Hola manu, 4 o 6 canales, 60[W] por canal, en clase A? mmm calentaría más que una estufa eso jeje. 

Te puedo dejar esta dir:

http://www.digisec.co.za/ras/

Ahí hay un par de clases A, de hasta 32[W] (de mayor potencia creo que no eh visto en clase A). Deberías armar tantos como canales quieras. 
Qué uso tenés pensado darle?

Saludos


----------



## lalex (Nov 16, 2008)

trata de especificar el voltaje y corriente?

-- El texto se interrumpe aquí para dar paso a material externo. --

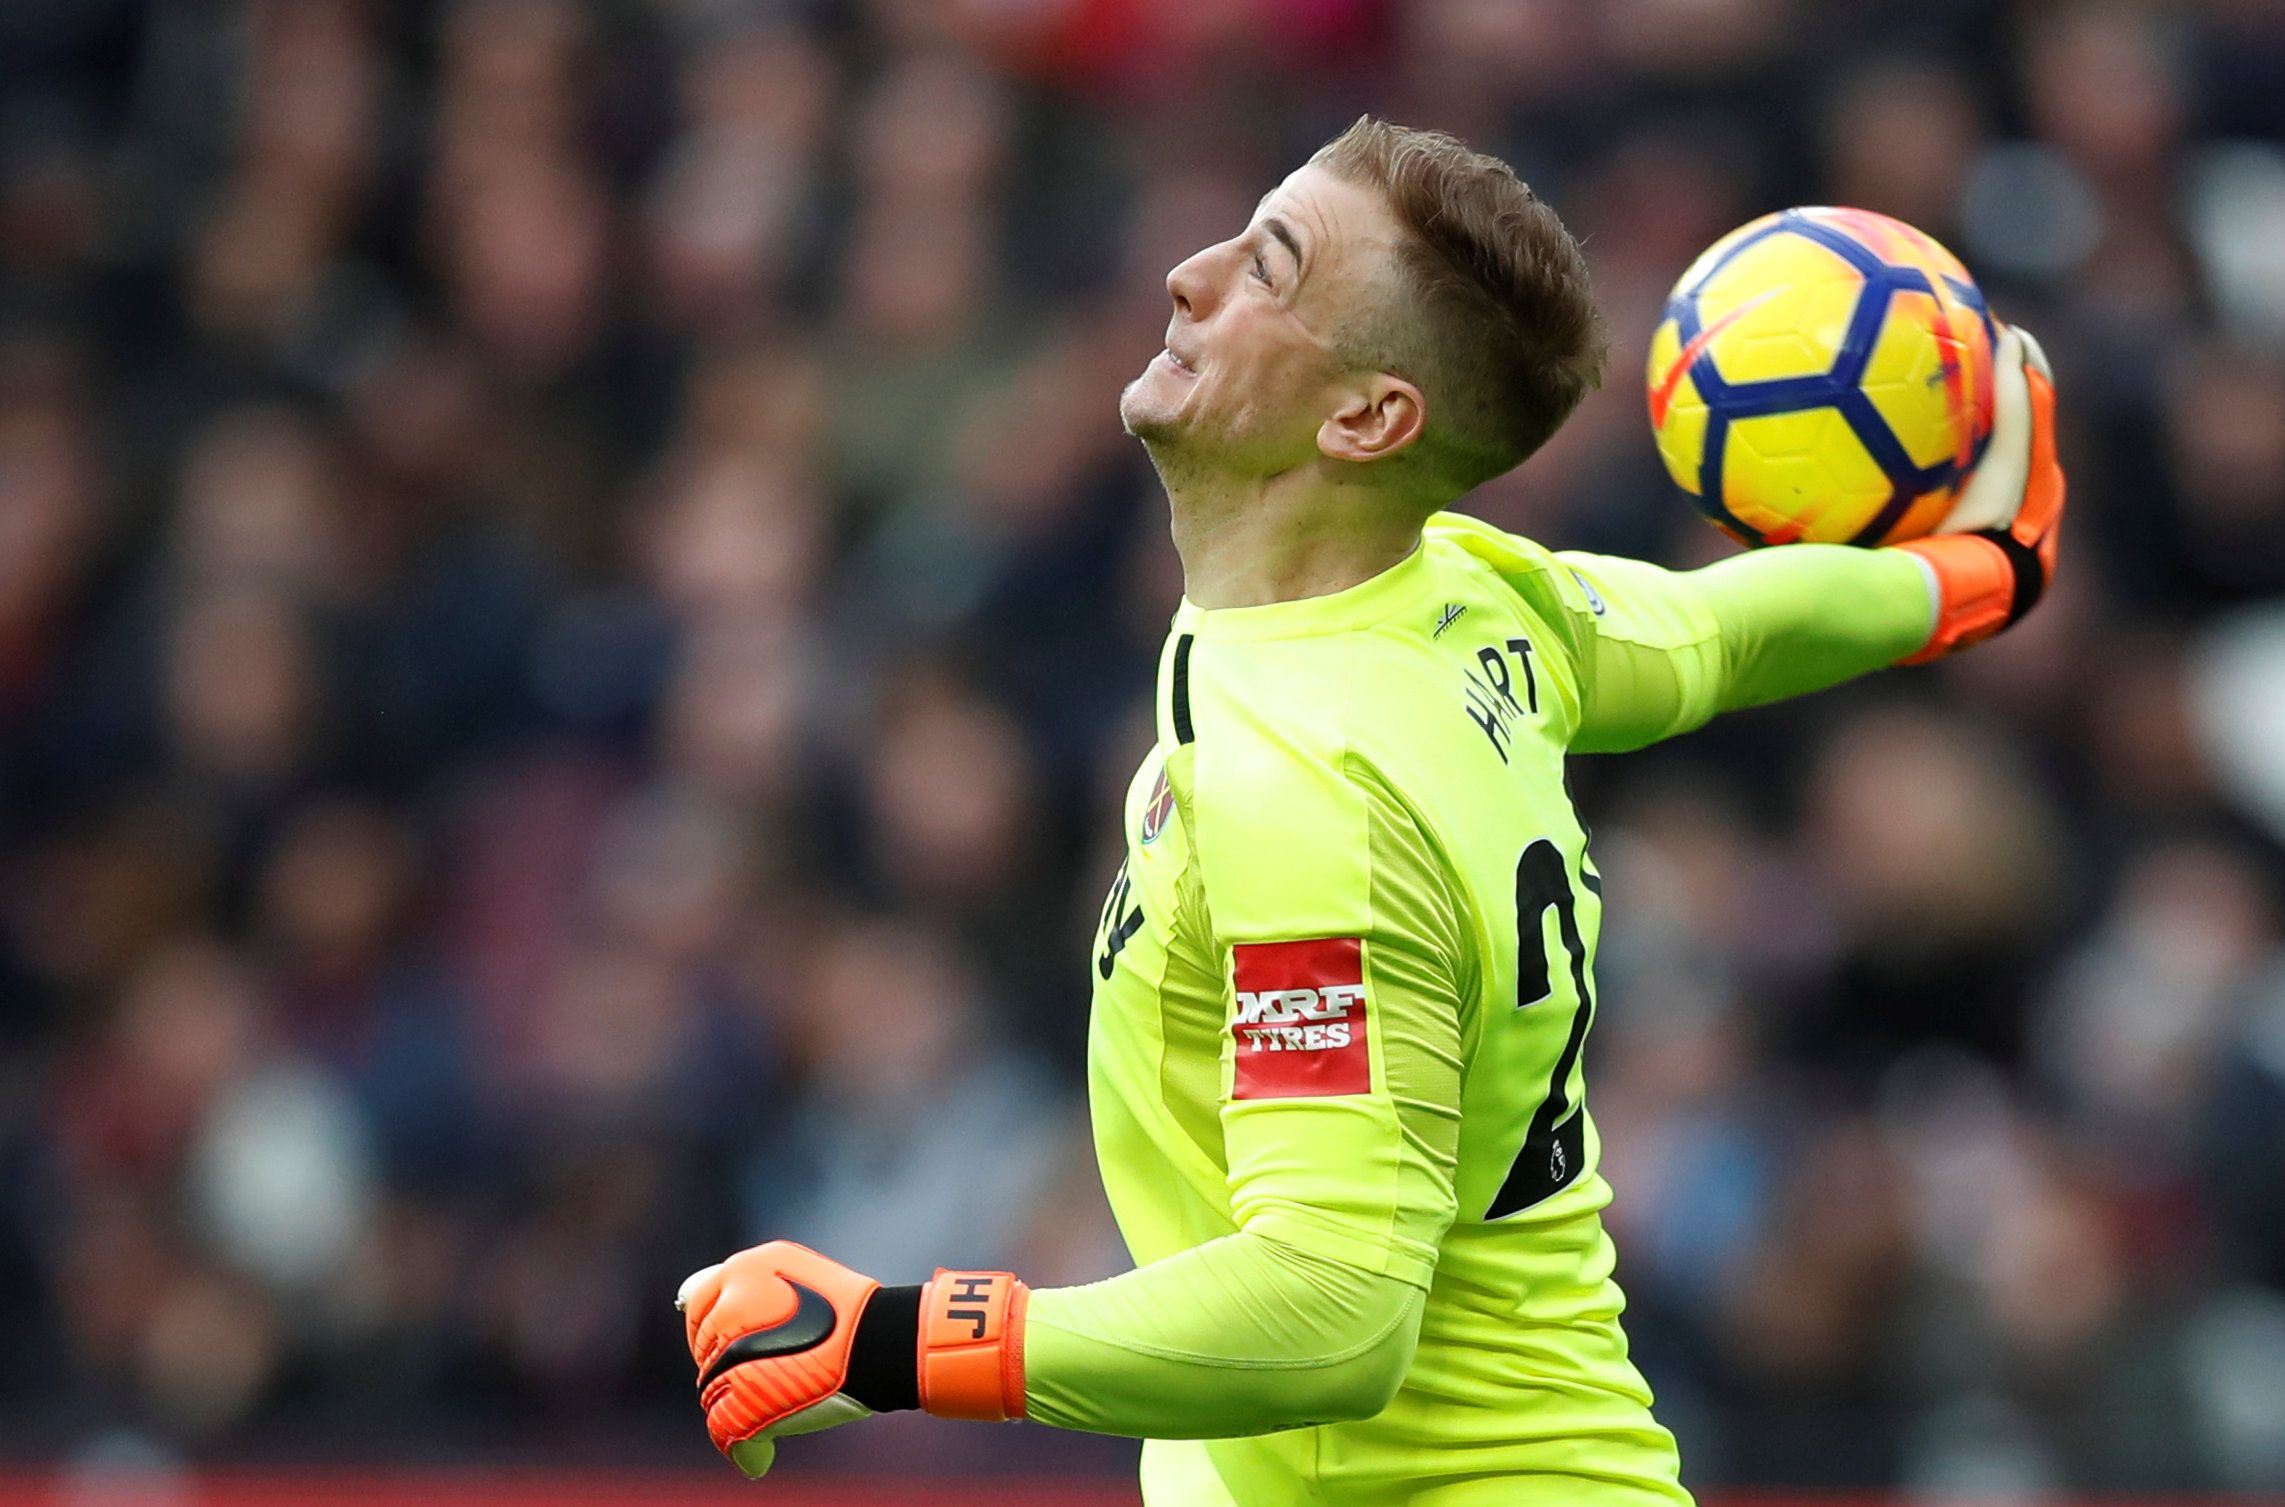 Soccer Football - Premier League - West Ham United vs Burnley - London Stadium, London, Britain - March 10, 2018   West Ham United's Joe Hart in action   Action Images via Reuters/Peter Cziborra    EDITORIAL USE ONLY. No use with unauthorized audio, video, data, fixture lists, club/league logos or

http://www.pablin.com.ar/electron/circuito/audio/amp4x40/index.htm


ahi tenes uno, yo lo estaba por armar, pero me dijieron q no tira los 40w... 

sino.. aca tenes otro

https://www.forosdeelectronica.com/about19073.html (recomendable, re completo)

bueno fijate..


----------



## Cacho (Nov 16, 2008)

manu_sonata dijo:
			
		

> ando buscando un amplificador de 60W por 4 o 6 canales clase A



A la pelotita...
Hagamos un poquito de la fea matemática que rige estas cosas.
Un amplificador Clase A tiene una eficiencia de entre el 20 y 30% en los mejores casos (van del 12 al 22% usualmente). Usemos 25% para partir diferencias y hacer números fáciles. Para seguir manteniéndonos en lo fácil, supongamos que no tenemos pérdidas.
Si 60W son el 25%, entonces la potencia total son 240W.
Si hay 4 canales de esos, la potencia consumida es de 960W.
Si son 6 canales, 1440W.
Te darás cuenta de que tu amplificador es, poco más o menos, una plancha semi industrial, ¿no?.
Más aún, tenés que mantenerlo suficientemente frío, así que el radiador que necesitás va a ser, más o menos, del tamaño de un gabinete de computadora. ¿Estás seguro de que buscás eso?.
Mejor cambiá las especificaciones...
Saludos


----------



## Yoangel Lazaro (Nov 16, 2008)

Te recomiendo clase B ó Clase AB con las especificaciones de potencia antes mencionado


----------